嶙峋萬仞青鋒裂,古木盤空日月遮。
霧鎖千尋蛇徑險,雷崩百丈石崖斜。
.......
漢華王朝雖為泱泱大國,四方邊陲仍有不少偏隅小國。
這些小國兵馬雖少,但卻個個有野心,胸懷“螞蟻吞象”之志。
應了一句老話,非我族類,必藏禍心!
王朝邊土以南,群山連綿,居蠻族之眾,自封南涼之國。
國民皆為山中各國大小山寨組成,老幼婦孺加在一起不過幾十萬之眾,卻有問鼎漢華王土之心。
比不得北罕那般大張旗鼓肆無忌憚的犯境,偏行鼠輩之舉。
南涼與漢華接壤處有一座銅礦山,隸屬于漢華王朝,歸丘南郡管轄。在此處開采礦石的人魚龍混雜。
曾經的達官貴人,名門望族,亦或是軍中大將,犯了律法之后只要沒被皇上處死,基本都流放到了這里做苦窯。
時值晌午,礦工歇息。
一位破衣粗布皮膚黢黑的中年礦工用粗布擦了擦汗,端著一碗稀粥拿兩黑饅頭,走到偏僻處,一屁股坐到石頭上,隨意吃了起來。
咬了一口手中饅頭,雙眼看向不遠處的一條小山路。
不大一會,山路上出現一個樵夫模樣的人,看樣子四五十歲。
收回目光,低著頭默默喝起碗里的稀粥。
“老林,”樵夫走到近前,肩膀上不多的柴禾放下,沖著喝粥的男人笑著喊了一嗓子,“吃著呢,今天粥里加肉了沒有?”
“老吉大哥說笑了,”老林聞聲抬頭,苦笑開口,“咱這哪能吃得上肉粥,能多個饅頭就不錯了。”

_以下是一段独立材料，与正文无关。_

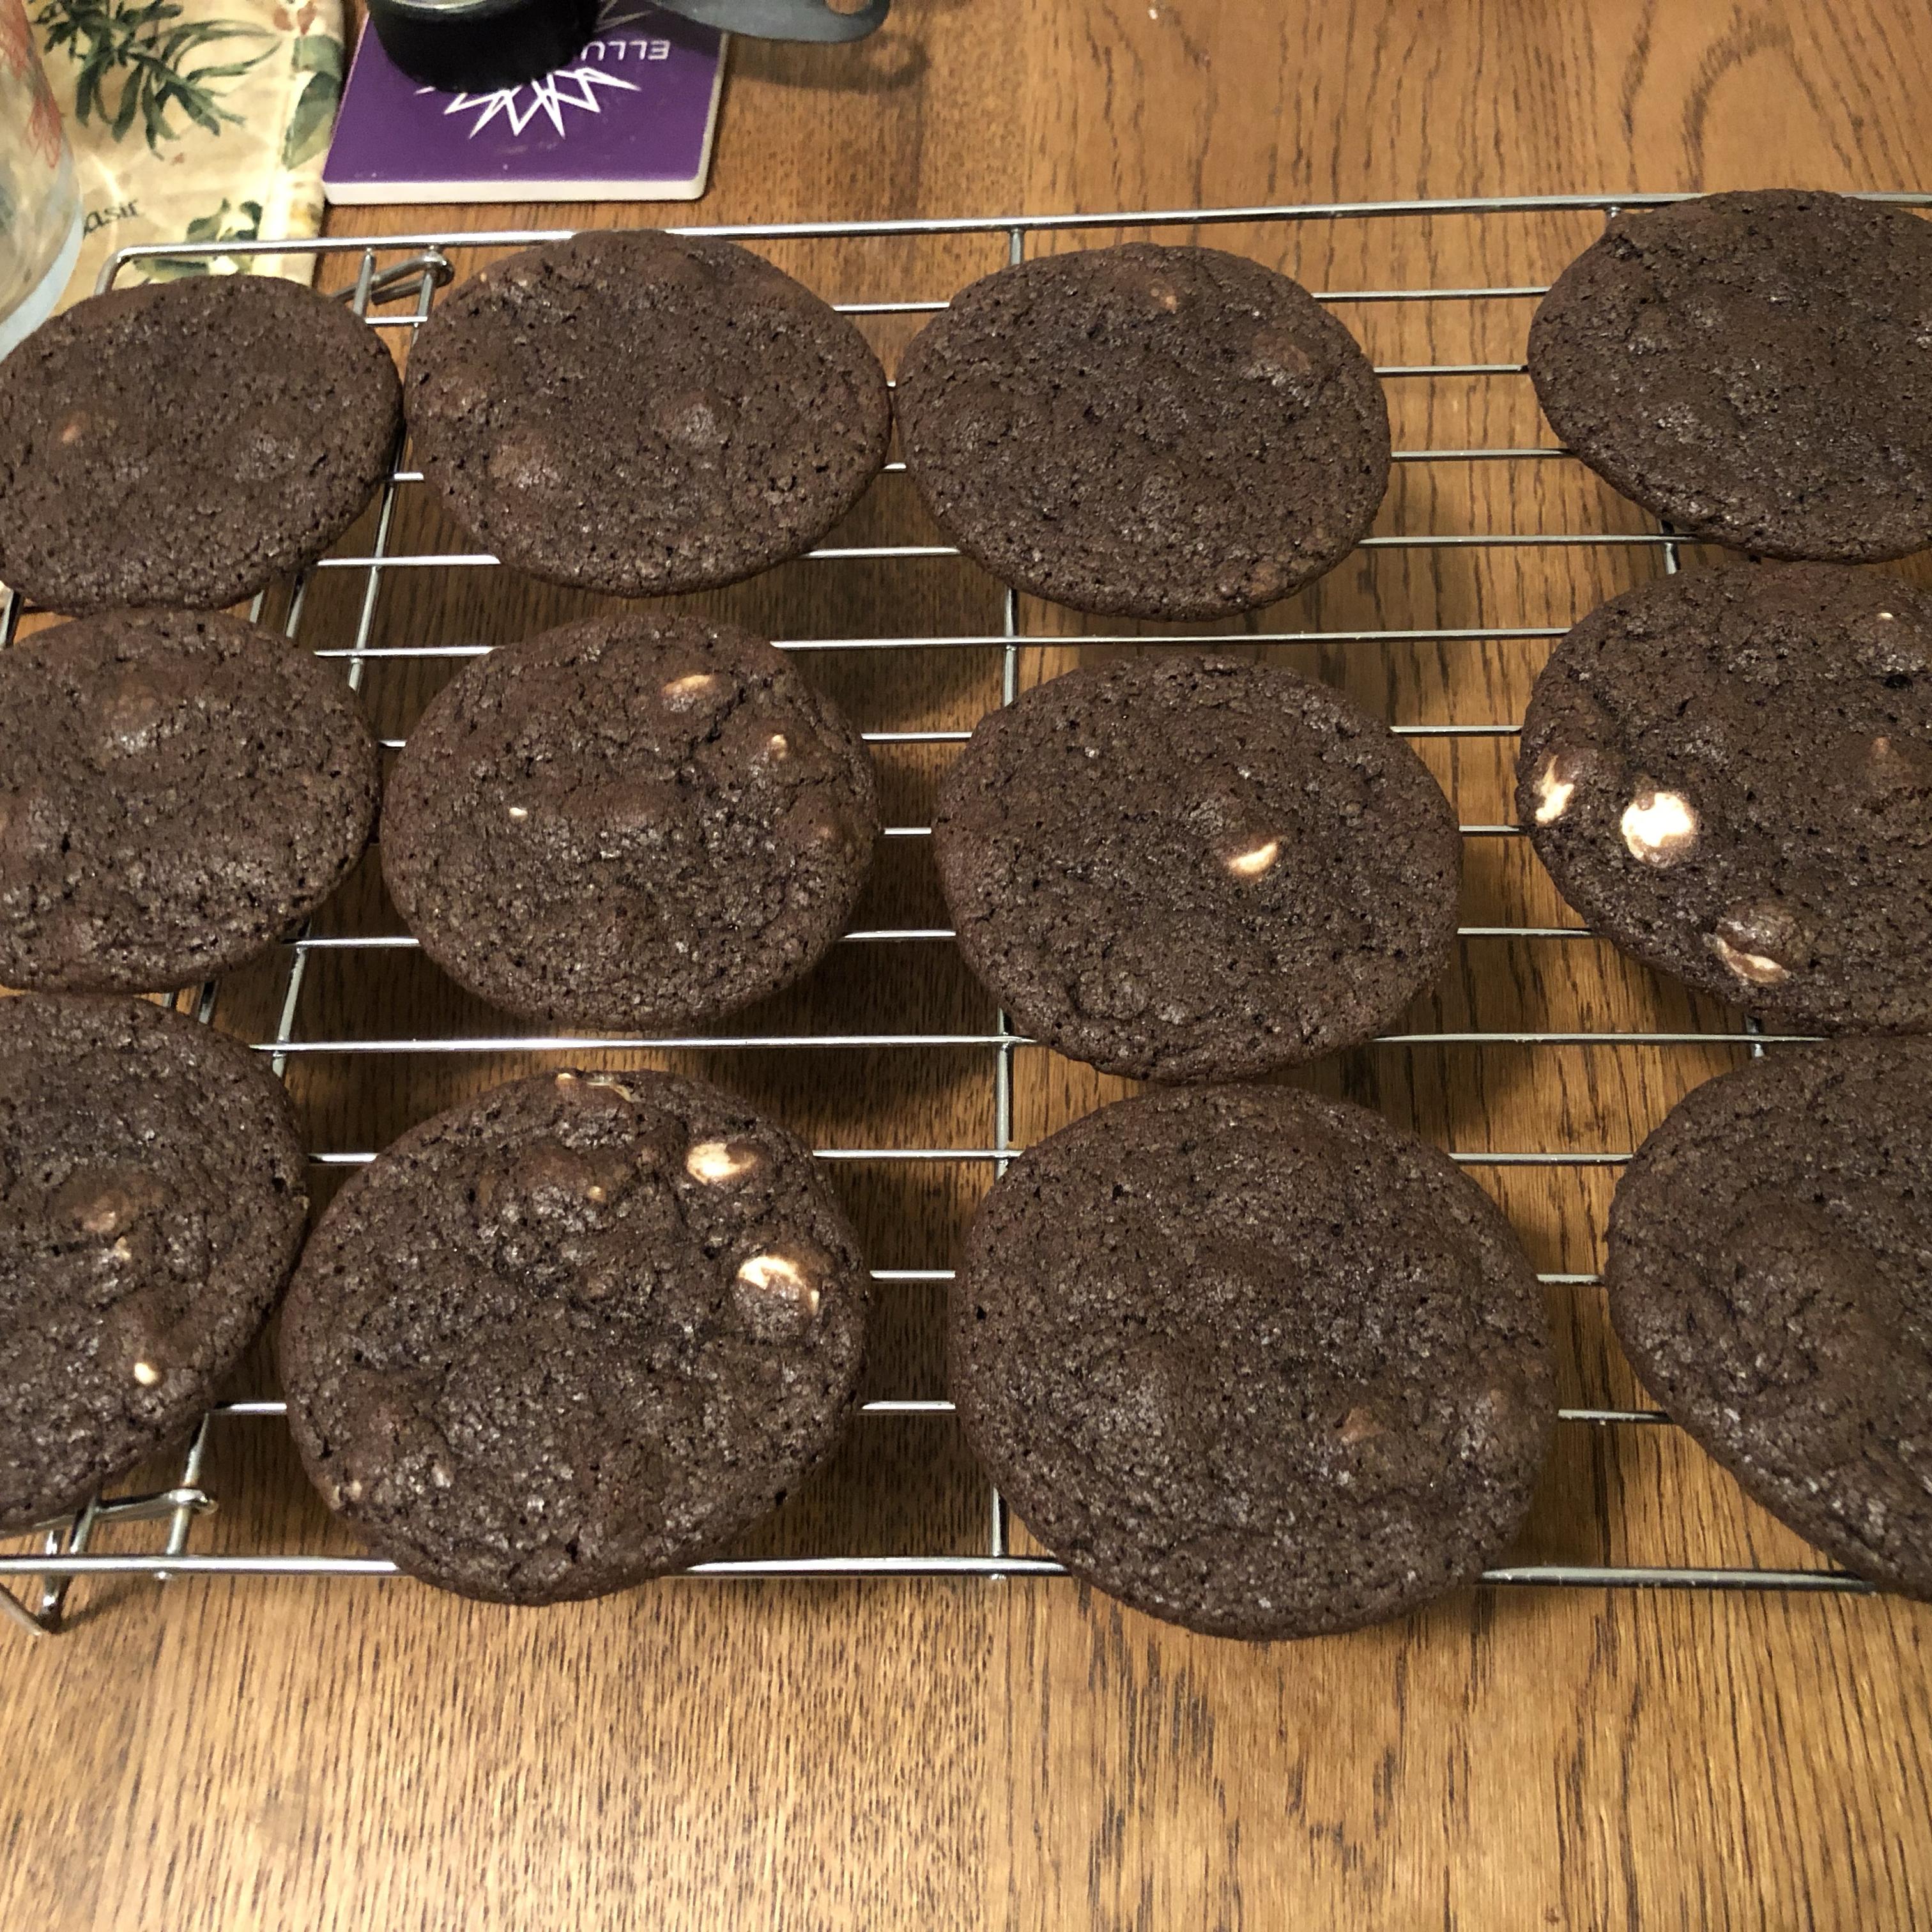 Soft Chocolate Cookies emcque

老林全名林之遠,也就是被朝廷流放的原戶部尚書,林安平之父。
至于他口中的吉大哥,乃是化作樵夫的吉根,如今南涼國的柱國大臣。
自從林之遠來到了此地,吉根得知其身份后,便時常來尋其閑談,二人也算是相識多年了。
按理來說,林之遠戴罪之身自由尚難,可偏偏就與吉根相識了,數年下來相交頗深。
吉根也不怕礦山中的兵卒,抬起胳膊捏著袖子有一下沒一下的扇著風,一只手扶著膝蓋望向碗里的稀粥。
這算哪門子稀粥,就是十幾粒米兌了一碗水而已。
真不知這個前戶部尚書怎么吃的慣的,一吃還這么多年。
忍不住心中感慨,大朝的官的確有些不同。
他主要是為南涼國招攬人才,在他看來,這些被漢華皇帝流放的官員,個個都非等閑之輩。
漢華既然不為所用,南涼便拋出橄欖枝,受罪和高官厚祿的選擇,是拿捏住這些流放罪臣的最大誘惑。
至于這些罪臣能不能從礦山逃離,這個他自有對策,畢竟先例已有不少。
林之遠非他相遇的漢華第一位官員,但卻是歷來被漢華流放的最高官員,相比以往那些小官,他對林之遠他分外上心。
“老林啊,你這屬于沒苦硬吃啊,只要你現在開口,大把的榮華富貴等著你,何苦還遭這個罪。”
“你我相識多年,南涼問鼎闊土乃大勢所趨,林兄為之助臂,將來廟堂之上可不止一席之地。”
林之遠淡淡瞥了吉根一眼,眼角不屑之色一閃而過。
忍不住心中嘲諷,山中野猴永遠是野猴,哪怕是出了山,也成不了美猴王。
面子上聽的還是極為認真。
自打來到這里,遇到吉根以后,在一次不經意透露自已身份后,這些話他便聽了這些年。
南涼的野心他早已熟知,但在他看來,這就像一個孩童鬧著跟父母要東西一樣,無力且好笑。
疲于應付吉根的同時,他也將南涼所謂的朝堂上下探出了一二,就連南涼當下有多少可動兵馬也是了然于胸。
只待進一步核實。
林之遠將碗中最后一口粥喝完,笑望著吉根開口。
“不知林某朝中曾經那些同僚如今如何?”
吉根聞之一笑,拱起雙手,神色有些傲然。
“那自是與我王親近,位極人臣!”
“果真如此?”
“豈敢誆言林兄。”
“甚好。”林之遠笑著點了點頭,略帶猶豫了一下,“那明晚便勞煩吉兄著手離開之事。”
“嗯?”吉根聽完先沒反應過來,隨后臉色一喜,不確定的低聲追問,“林兄這是同意了?”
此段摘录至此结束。